I recommend the SAM Tags spec. Let me know if you need more information.

SA:Z:(rname,pos,strand,CIGAR,mapQ,NM;)

Other canonical alignments in a chimeric alignment, formatted as a semicolon-delimited list. Each element in the list represents a part of the chimeric alignment. Conventionally, at a supplementary line, the first element points to the primary line. Strand is either ‘+’ or ‘-’, indicating forward/reverse strand, corresponding to FLAG bit 0x10. Pos is a 1-based coordinate.

jrobinso commented 2 years ago

@amwenger Apologies for such a long delay, but I am picking this up with a goal to finish by the end of the year.

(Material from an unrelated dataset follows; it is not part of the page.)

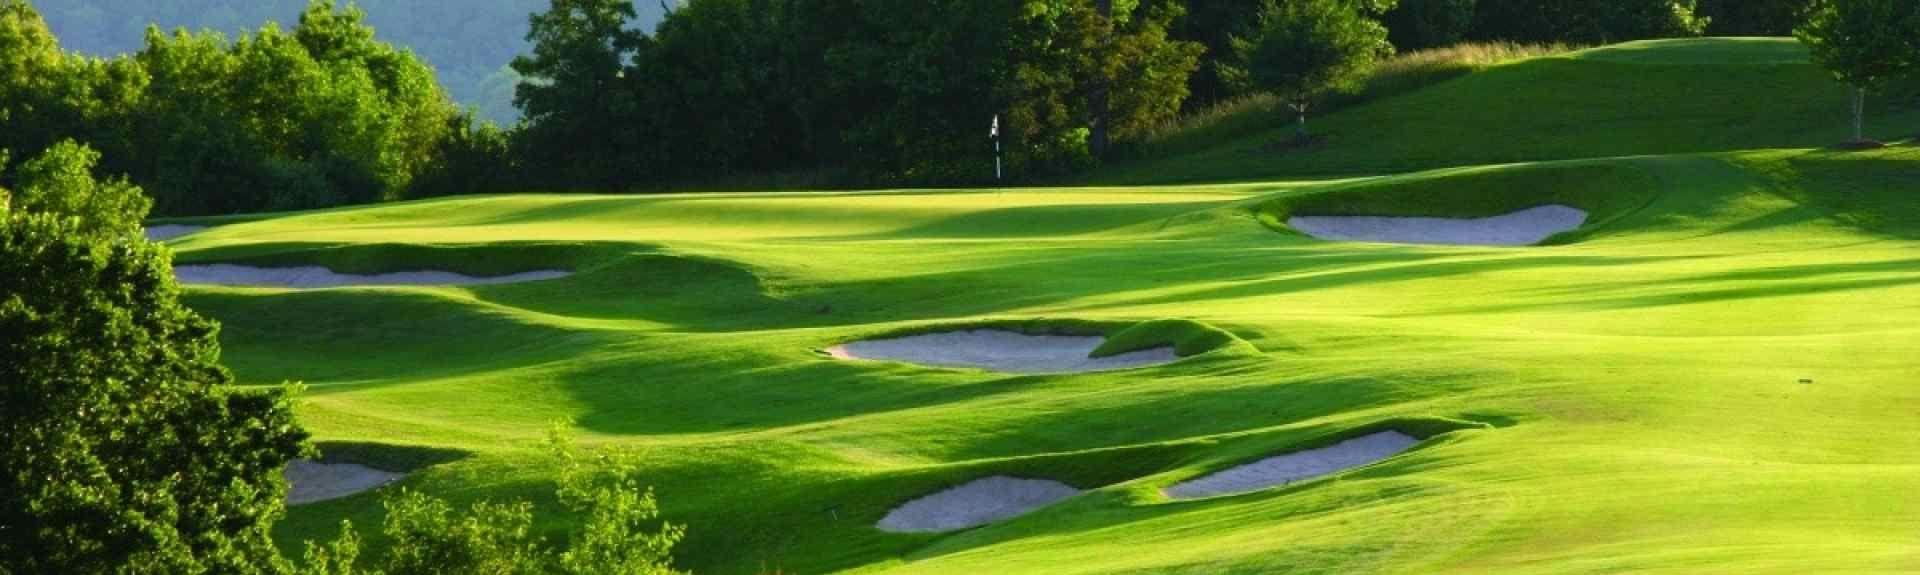 Thousand Island Golf Resort, Branson, MO, USA
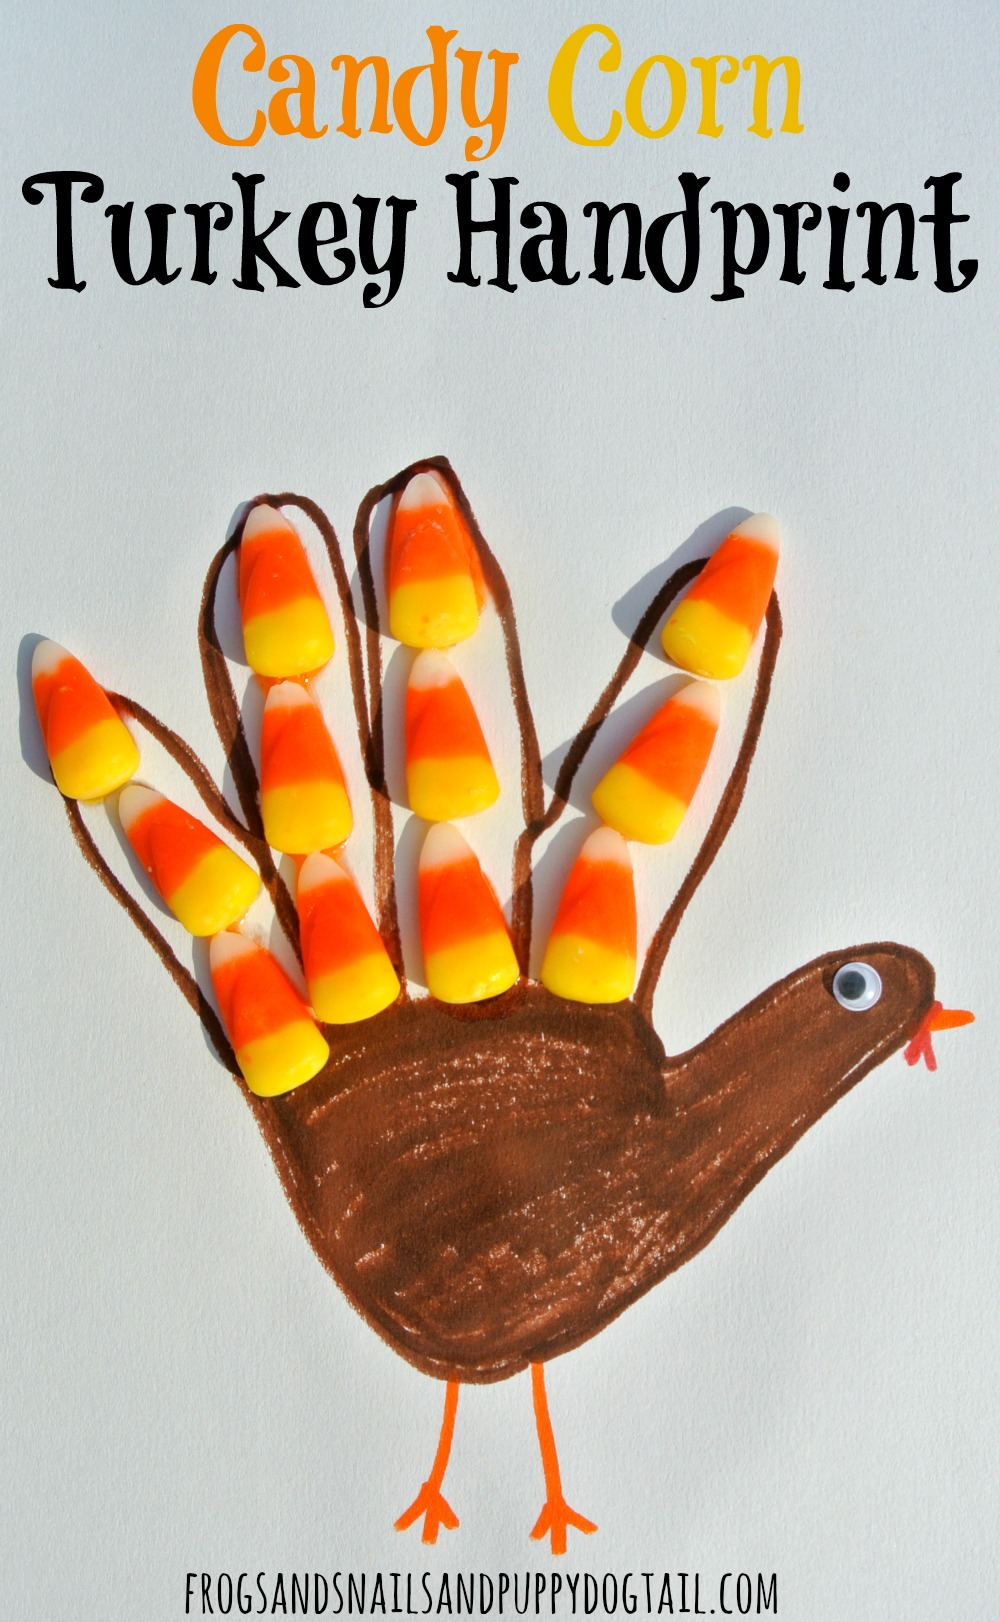 Candy Corn Turkey- Classic Handprint Art for Thanksgiving #handprintturkey

Unfortunately the test bams you created, with examples of each SV type, are no longer available at the URLs below. Those would be most helpful. Do you still have them? These are the URLs I am referring to

BAM (97 MB): https://dl.dnanex.us/F/D/xzz9fGXBgx6Bqpbypf6KxqZqy5zg1k1VyKykVKg8/GRCh38.SV-examples.bam BAM index: https://dl.dnanex.us/F/D/K4qkpQyvF2k6YG2K8815jG266q3KB1kbKkbpjk2y/GRCh38.SV-examples.bam.bai

Thanks

amwenger commented 2 years ago

Hi @jrobinso. I uploaded to a new location and updated the URLs above:

Thanks for working on the feature. Let me know when I could be useful to test / work on it.